Reality, Denial, Delay and Progress: The Paradoxes of 2018

Part of NRDC's Year-End Series Reviewing 2018 Climate & Clean Energy Developments

For the majority of Americans in both parties concerned with climate change, 2018 was a very weird year. The political tides seemed to continuously be in flood against climate progress at the national level, while the undertow of scandal within the Trump administration had a somewhat equivalent effect on efforts to roll back progress.  A sweeping national election result repudiated the Trump administration’s agenda and restored some much-needed checks and balances. Concern about the effects of climate-related disasters, including epic fires and floods helped drive the historic plebiscite and may have set the table for progress on climate action for 2019. The forces of denial are weakened and the demand for progress is much louder.

While it is easy to get fixated on the retrograde climate policies of the federal government under Trump, the fact is that remarkable progress was made this year, especially in renewable energy integration and developing the technology and infrastructure to transform the way we fuel the world’s largest economy.
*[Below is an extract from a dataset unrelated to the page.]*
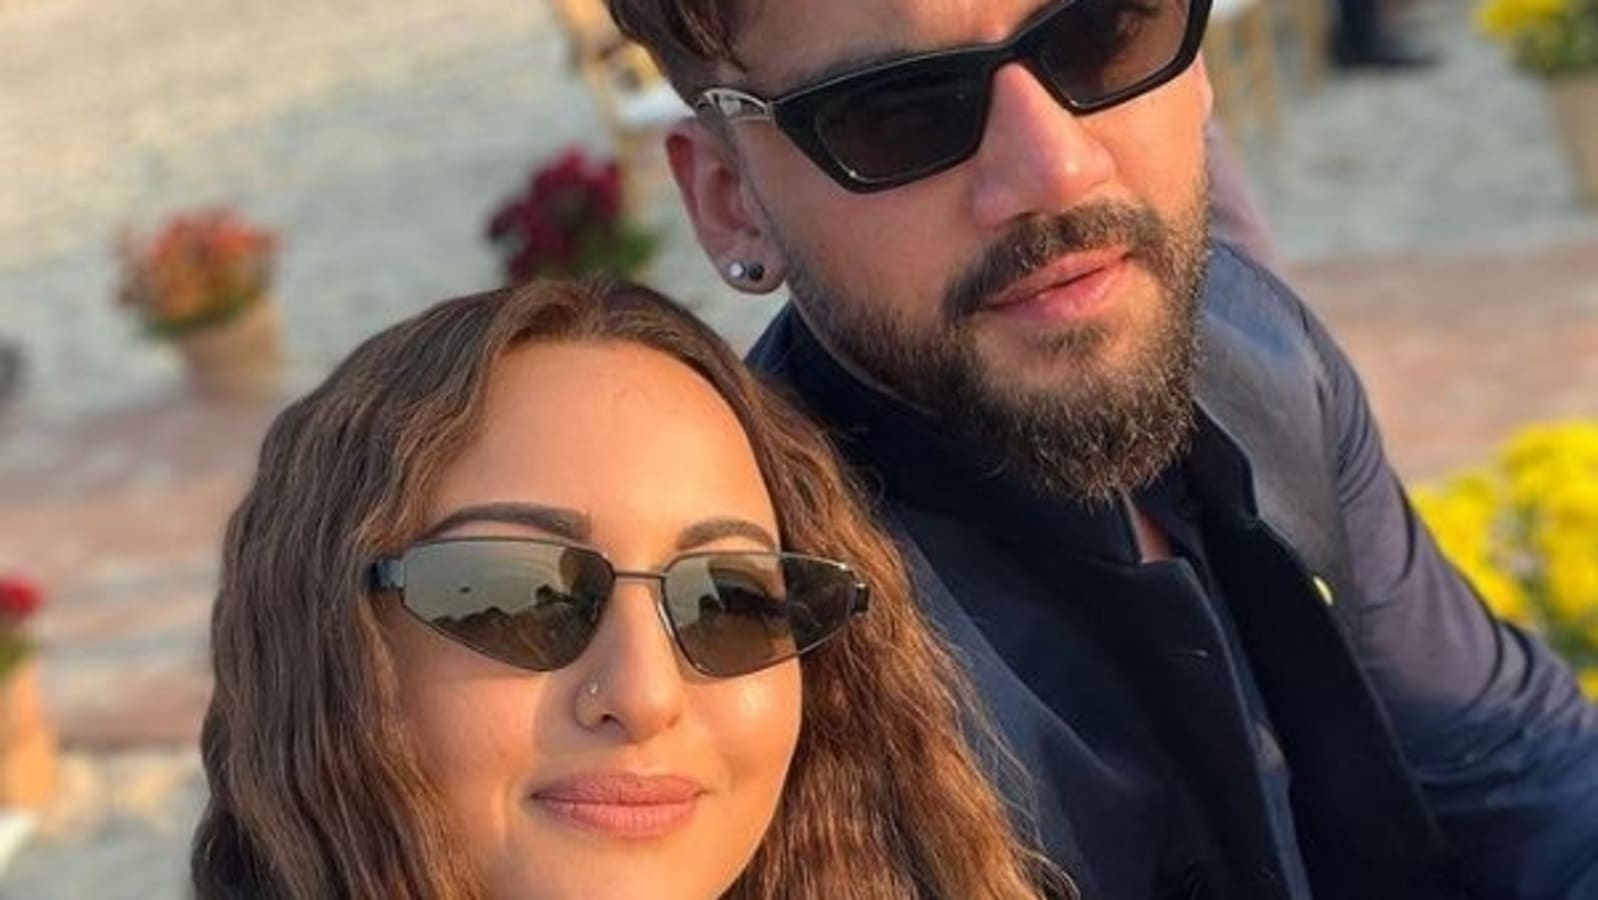 Sonakshi Sinha X Videos - Sonakshi Sinha and Zaheer Iqbal say 'I Love You' to each other. Watch video  | Bollywood - Hindustan Times

As Trump and his minions stood the nation down, cities, states and private companies and even individuals stepped forward to take up the slack and keep the U.S. relatively on course to meet its Paris agreement commitments.


Here’s a sampling:


California mandated 100% clean energy by 2045. This is an amazing commitment to transform how we power the world’s fifth largest economy. The governors elect of Colorado, Connecticut, Illinois, Nevada, Oregon and Maine have all pledged to move toward 100% clean energy on varying timetables, by 2050 at the latest.  


Renewable Energy made up the largest amount of capacity added to the grid in 2018. Changing price dynamics, climate and economic goals continue to drive the trend.


Renewable energy costs dropped precipitously again in 2018, changing the face of the power sector in electrical systems around the world. New renewables now compare favorably with natural gas in many places. Some wind and solar developers made low-cost offers to utilities that even included battery storage to create a lower cost hybrid product.


Electricity storage costs have also declined remarkably, including battery storage, opening up new options to ease the integration of variable renewable power into the grid and creating a massive economic opportunity for the technology.


Regional electricity markets are taking off in the western U.S.. New markets are proposed and the western energy imbalance market (EIM) surpassed $500 million in benefits. New utilities are continuing to join the EIM. This in a region where regional grid integration was unthinkable a decade ago.


While a legislative effort to allow the California Independent System Operator (CAISO) to expand its wholesale day-ahead electricity market across the entire region barely fell short in Sacramento, interest in regional markets in the West continues to grow. The adoption of California’s 100% clean energy mandate means that a regional wholesale electricity market will be needed more than ever, especially to keep the cost of meeting this ambitious goal affordable.


Renewable energy employment is up worldwide according the International Renewable Energy Agency, with more than 10 million people working in the field in 2018. In the U.S., 3.2 million people were working in clean energy jobs this year.


Demand for coal-fired electricity is crashing and, ahem, burning. Even foreign markets for U.S. coal are expected to shrink as China’s demand for coal-fired electricity is believed to have peaked and declined in 2018. Coal and coal related  jobs have shrunk dramatically over the last decade, with only about 53,000 people employed as coal miners in the U.S., according to the U.S. Bureau of Labor Statistics. As the Washington Post has pointed out, the fast food chain Arby’s employs more people than the entire coal industry.


Cities, Counties and regions are setting audacious climate goals and working together to accomplish them. While their efforts are nothing new, they continue to build a nationwide momentum in defiance of Trump rollbacks.


Finally, major corporations are demanding access to clean energy when they locate new facilities, creating economic benefits and jobs in red states. This June, the New York Times reported that “19 large corporations announced deals with energy providers to build 2.78 gigawatts worth of wind and solar generating capacity, equal to one-sixth of all of the renewable capacity added nationwide in 2017, according to the Rocky Mountain Institute’s Business Renewable Center.”


This is not to diminish the awesome magnitude of our climate challenge, which will require major actions on the part of all the world’s governments. Until we can break through on a bipartisan approach to reducing greenhouse gases in the U.S. we will be hamstrung in our efforts to maintain a livable planet for future generations. But neither are we blocked from making progress, as the impressive and only partial list above shows.